La storiella, così come la raccontava Claudio Bisio, la trascriverò qui sotto (vado a memoria), per intanto racconto qualcosa dello spettacolo, che si chiamava “Comedians” e che raggruppava un bel gruppetto di attori: Paolo Rossi, Claudio Bisio, Silvio Orlando, Antonio Catania, Renato Sarti, Alberto Storti, Renato Carpentieri,Gianni Palladino, Gigio Alberti, Luca Toracca. Regia teatrale di Gabriele Salvatores, che avrebbe poi tratto un film dallo spettacolo, “Kamikazen”, uscito nel 1987. “Comedians” nell’originale era opera dell’inglese Trevor Griffiths, e fu molto riadattato nella versione italiana, perché è un testo che ben si presta a improvvisazioni e cambiamenti calibrati sui diversi attori che lo interpretano di volta in volta. Nel film, e anche a teatro, Paolo Rossi esponeva con estrema serietà la filosofia dello Sgurz: ma dello Sgurz, e delle sue implicazioni filosofiche, converrà parlare un’altra volta, se no questo post non finisce più. E’ dunque l’ora del bunga bunga, eccolo qua.

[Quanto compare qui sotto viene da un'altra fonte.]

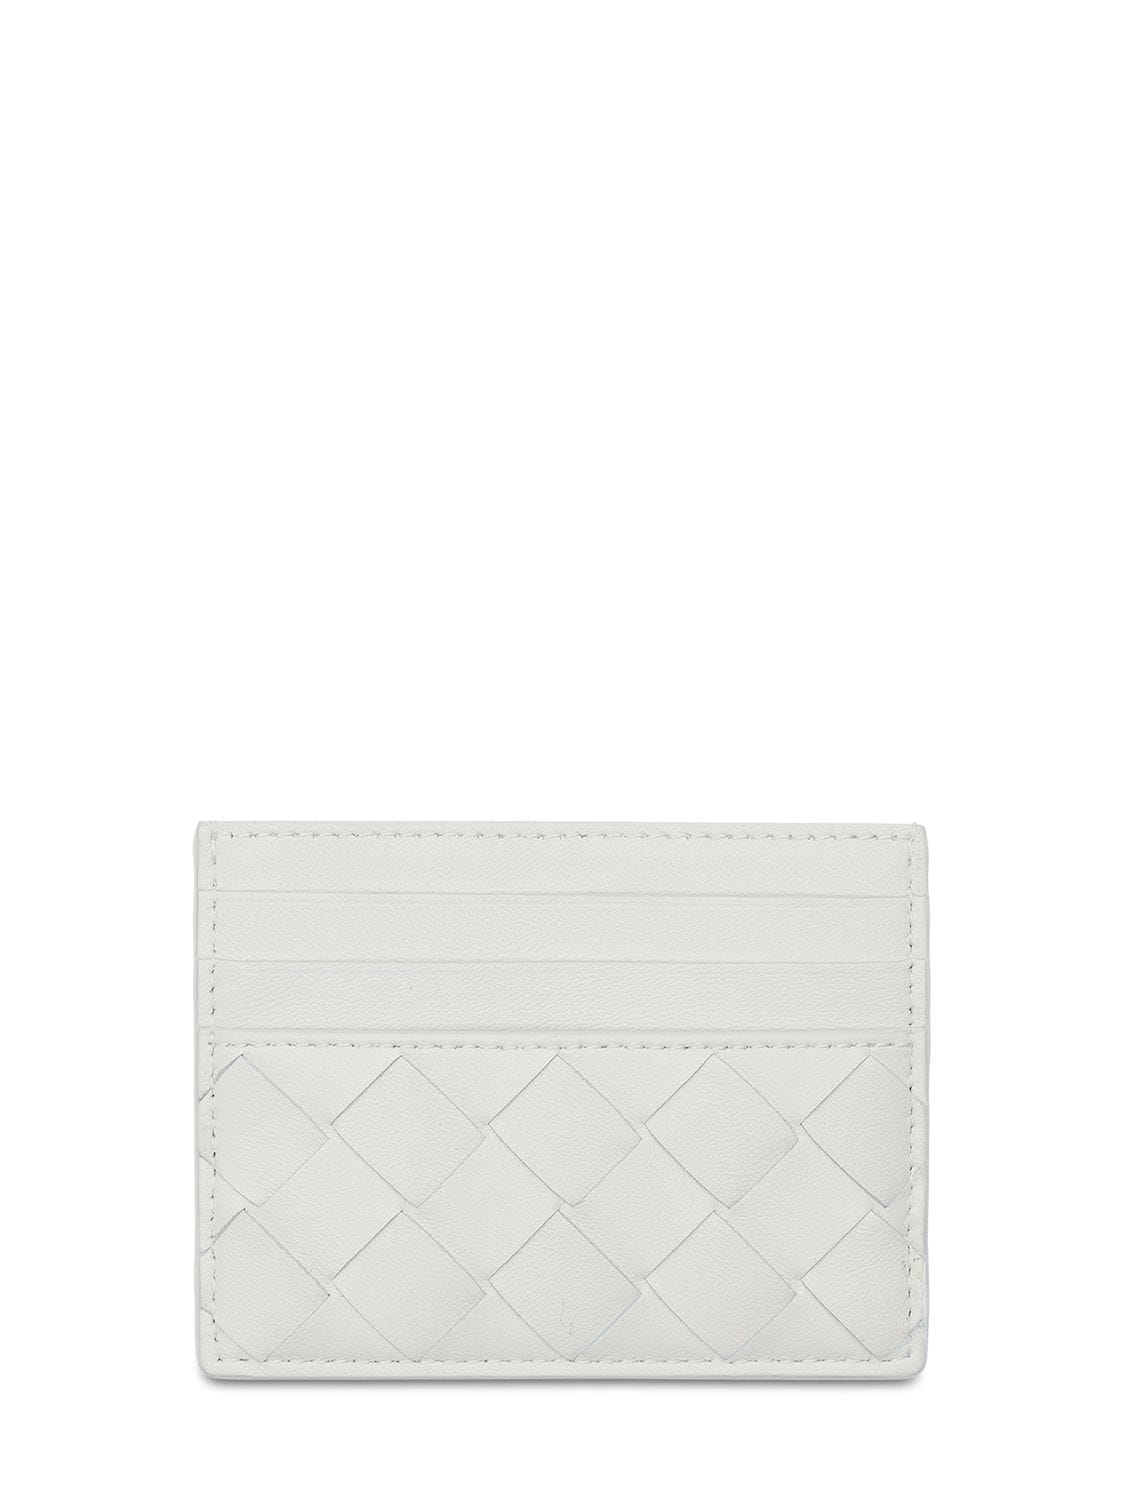 Bottega Veneta Intrecciato Leather Card Holder In White

Siamo nell’Africa dell’Ottocento, tempo di guerre coloniali: immaginarsi qualcosa come la guerra anglo-boera, o “Le quattro piume” di Zoltan Korda. Un drappello di soldati inglesi in perlustrazione viene assalito dagli africani, che sono in numero esorbitante e vincono la battaglia. Rimangono tre superstiti: un ufficiale e due soldati. I tre vengono portati al campo dei guerrieri africani, dove assistono ai festeggiamenti. Sono un bel po’ spaventati, e la preoccupazione cresce quando vedono staccarsi dal gruppo dei festanti, e avvicinarsi a loro, due persone: il capo, e uno dei guerrieri che parla un buon inglese e si presenta come interprete. Il capo sta in silenzio, parla l’interprete.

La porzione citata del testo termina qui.